#### EXERCISE INSTRUCTIONS:
Begin your transcription at the line containing "德国DJM助力广州美博会,尽现智造魅力!_德国新闻_德国中文网" and continue it, word for word, to the final line below. Include only those lines and skip the pictures.

#### DATA SHOWN:
=== Section Start ===

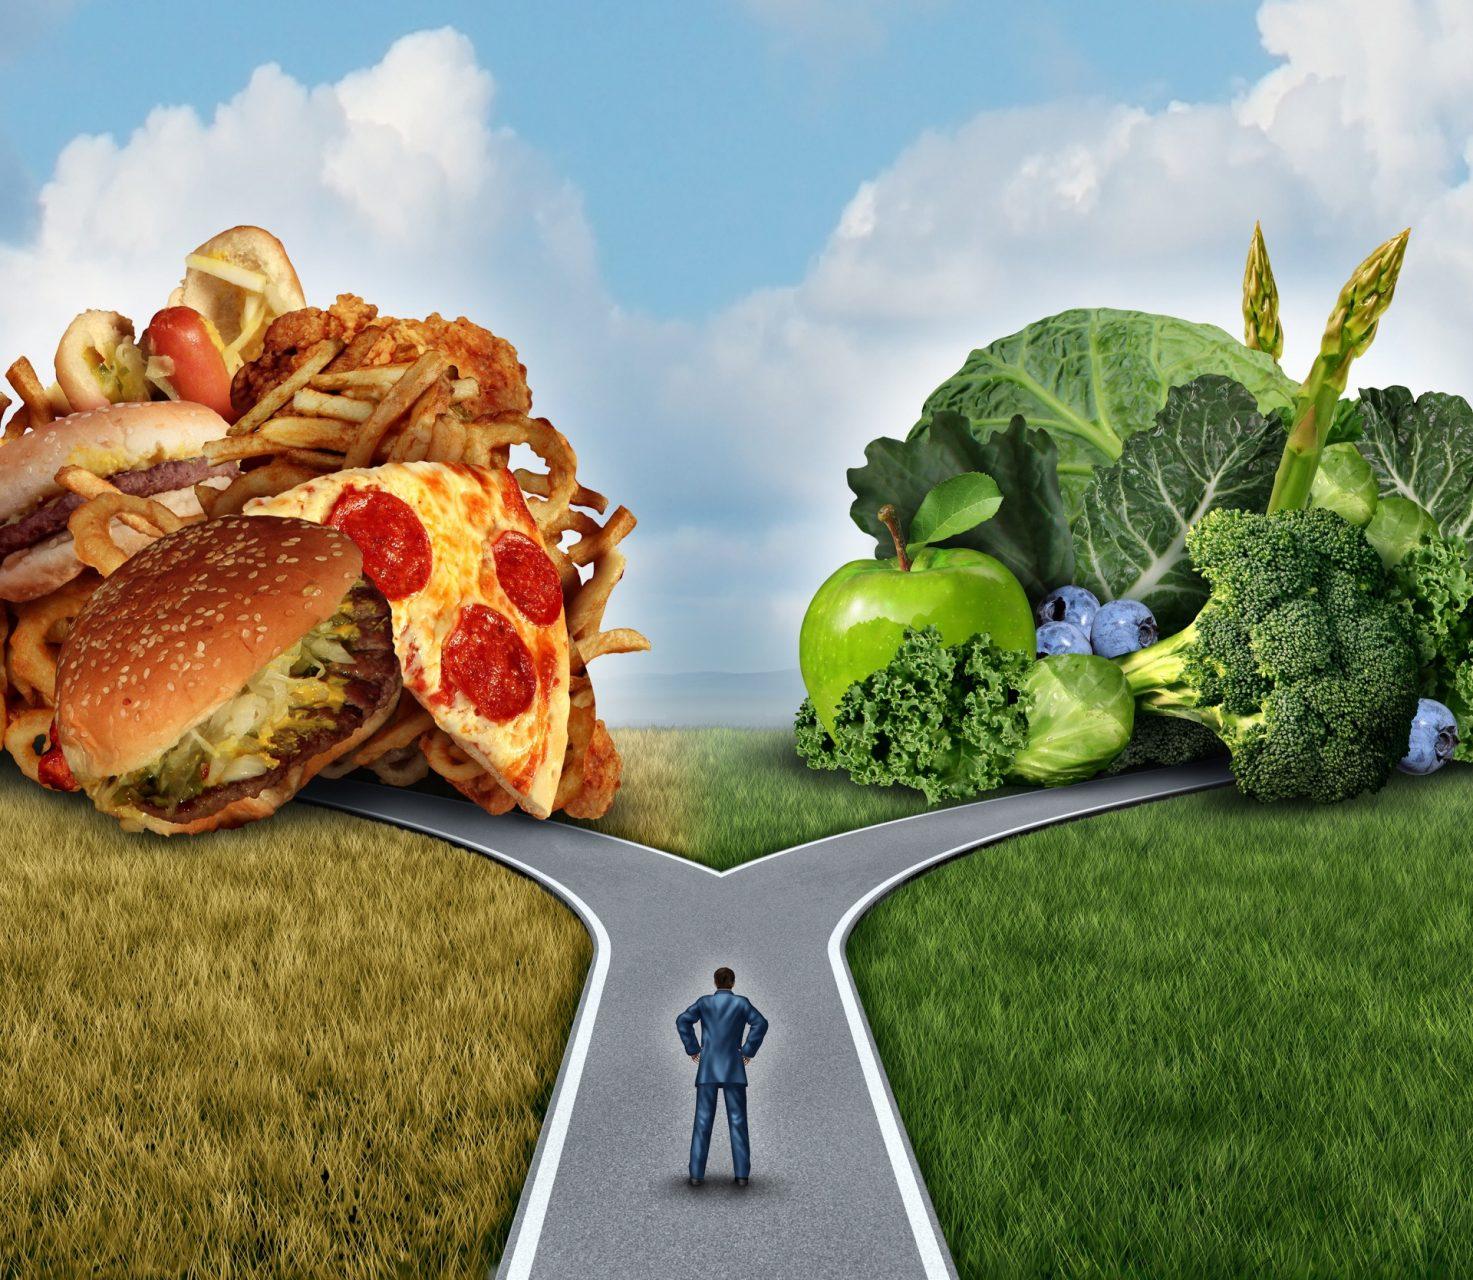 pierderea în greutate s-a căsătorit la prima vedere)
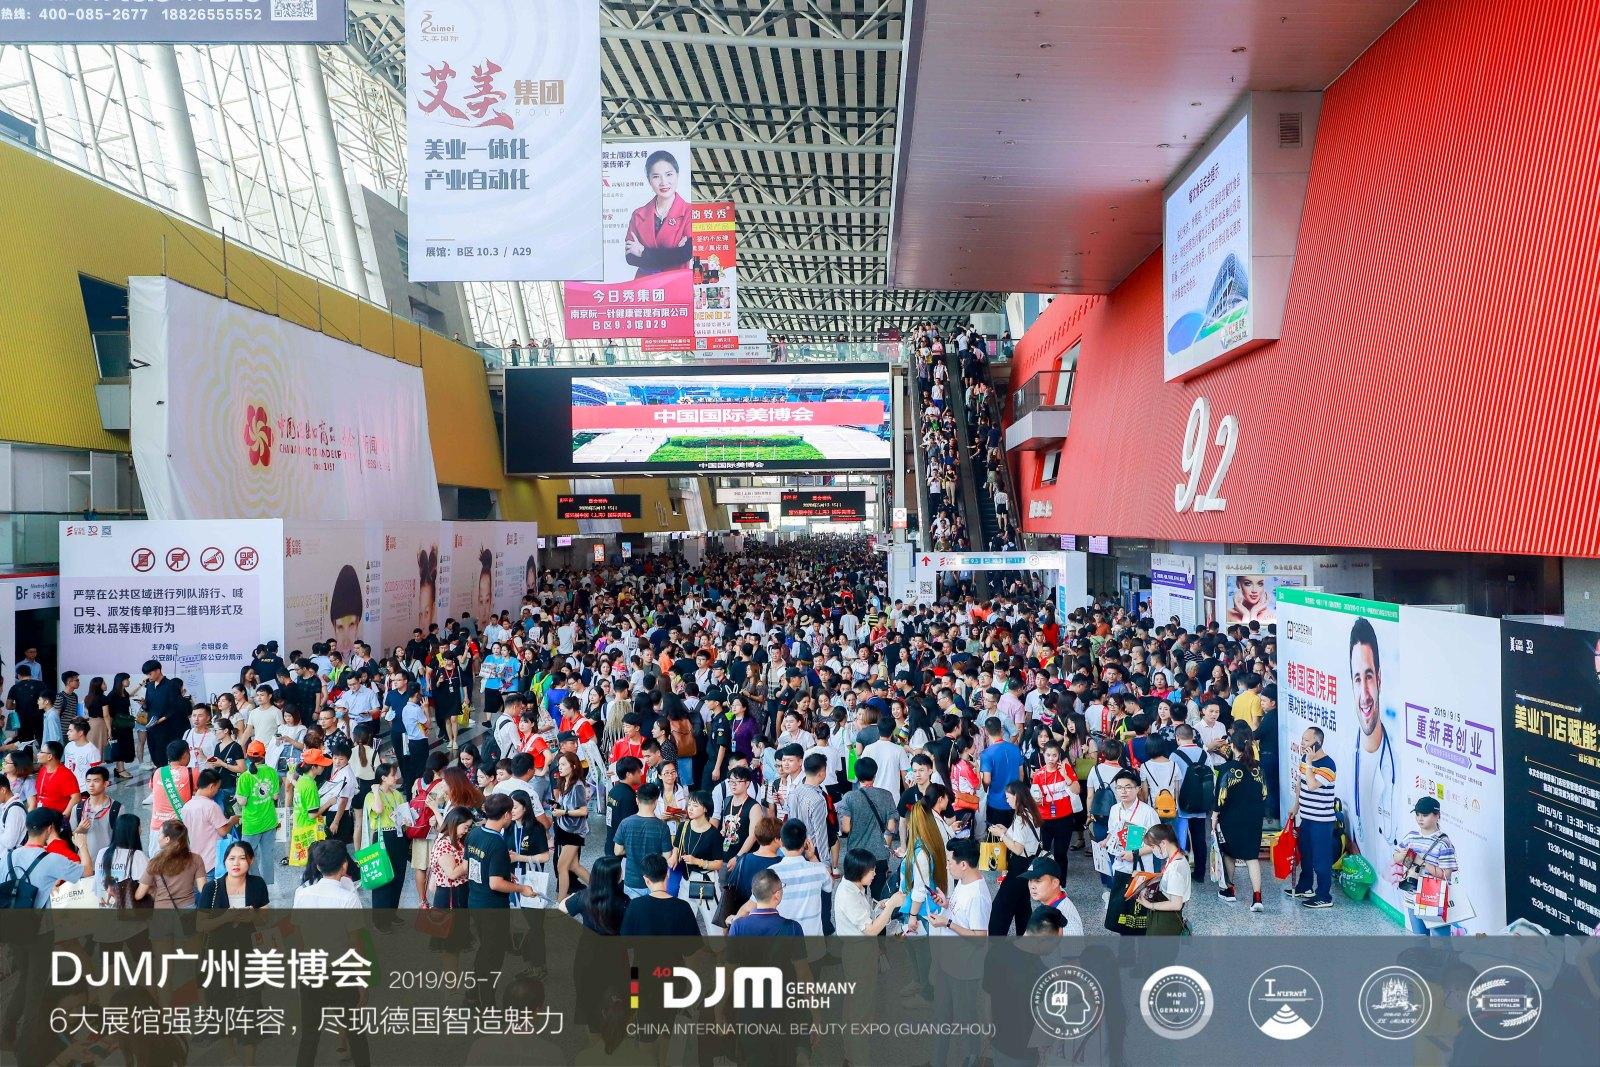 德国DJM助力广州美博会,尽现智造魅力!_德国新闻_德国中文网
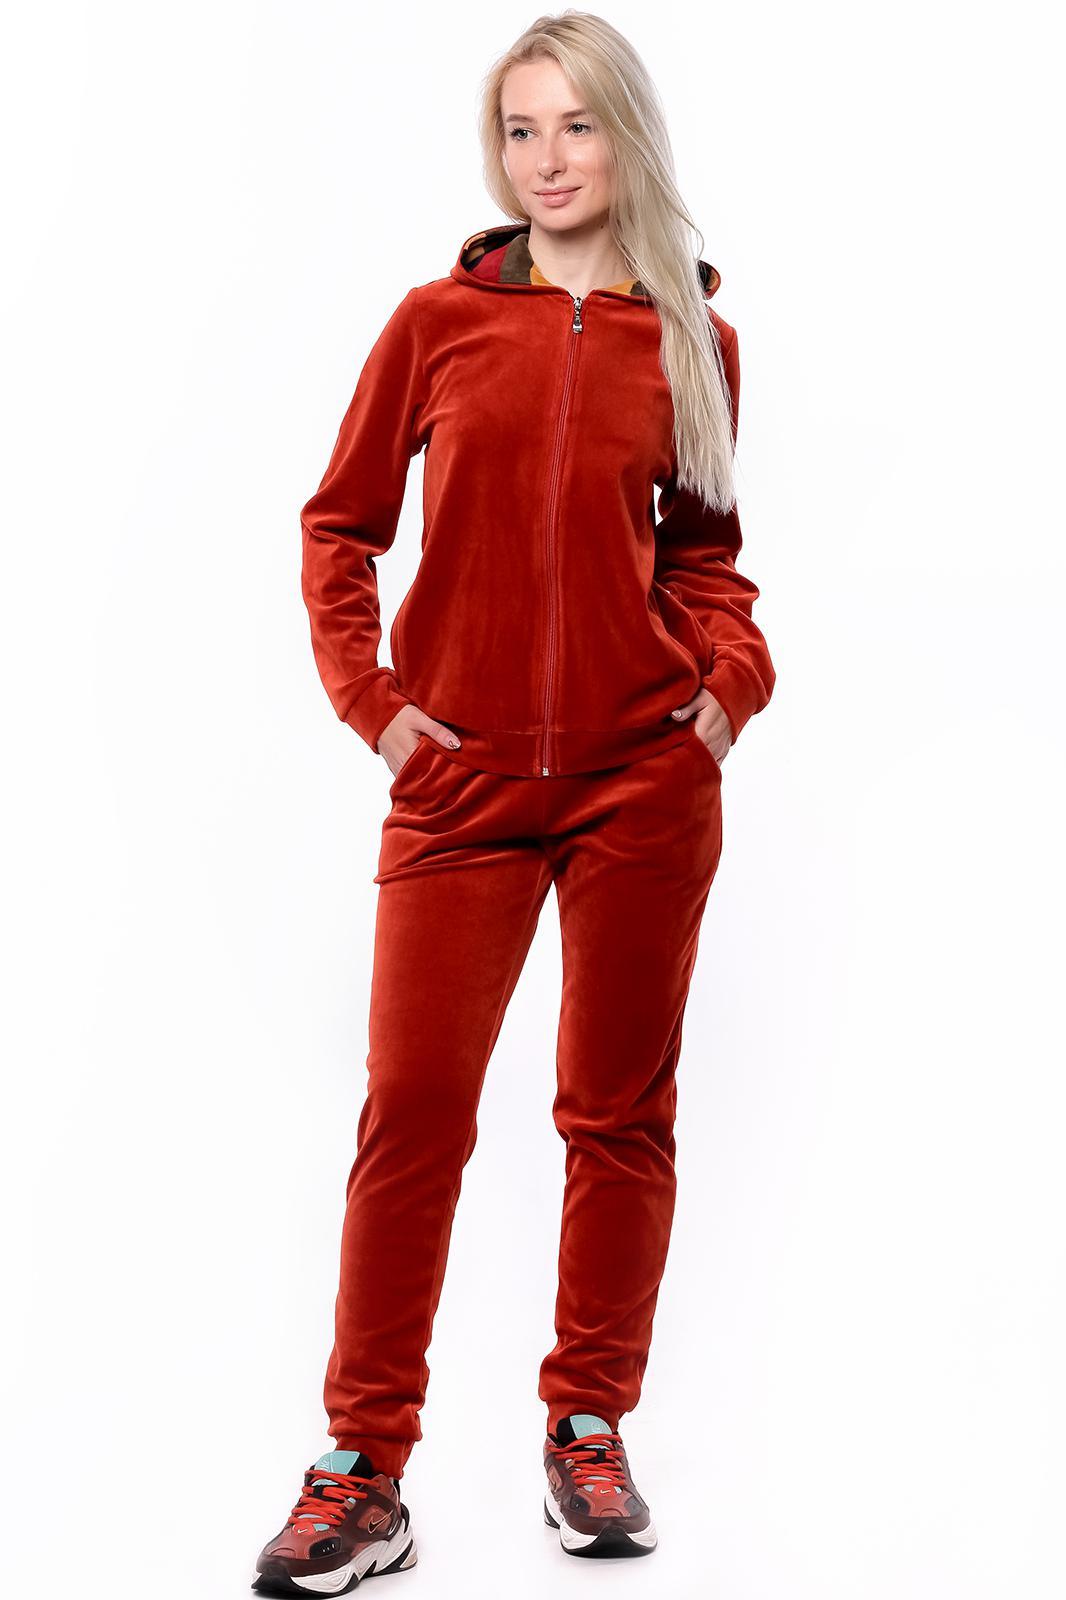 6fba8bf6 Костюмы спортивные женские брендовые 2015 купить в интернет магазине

=== Section End ===

#### SOLUTION FOR THIS TASK:
 德国DJM助力广州美博会,尽现智造魅力!_德国新闻_德国中文网
 6fba8bf6 Костюмы спортивные женские брендовые 2015 купить в интернет магазине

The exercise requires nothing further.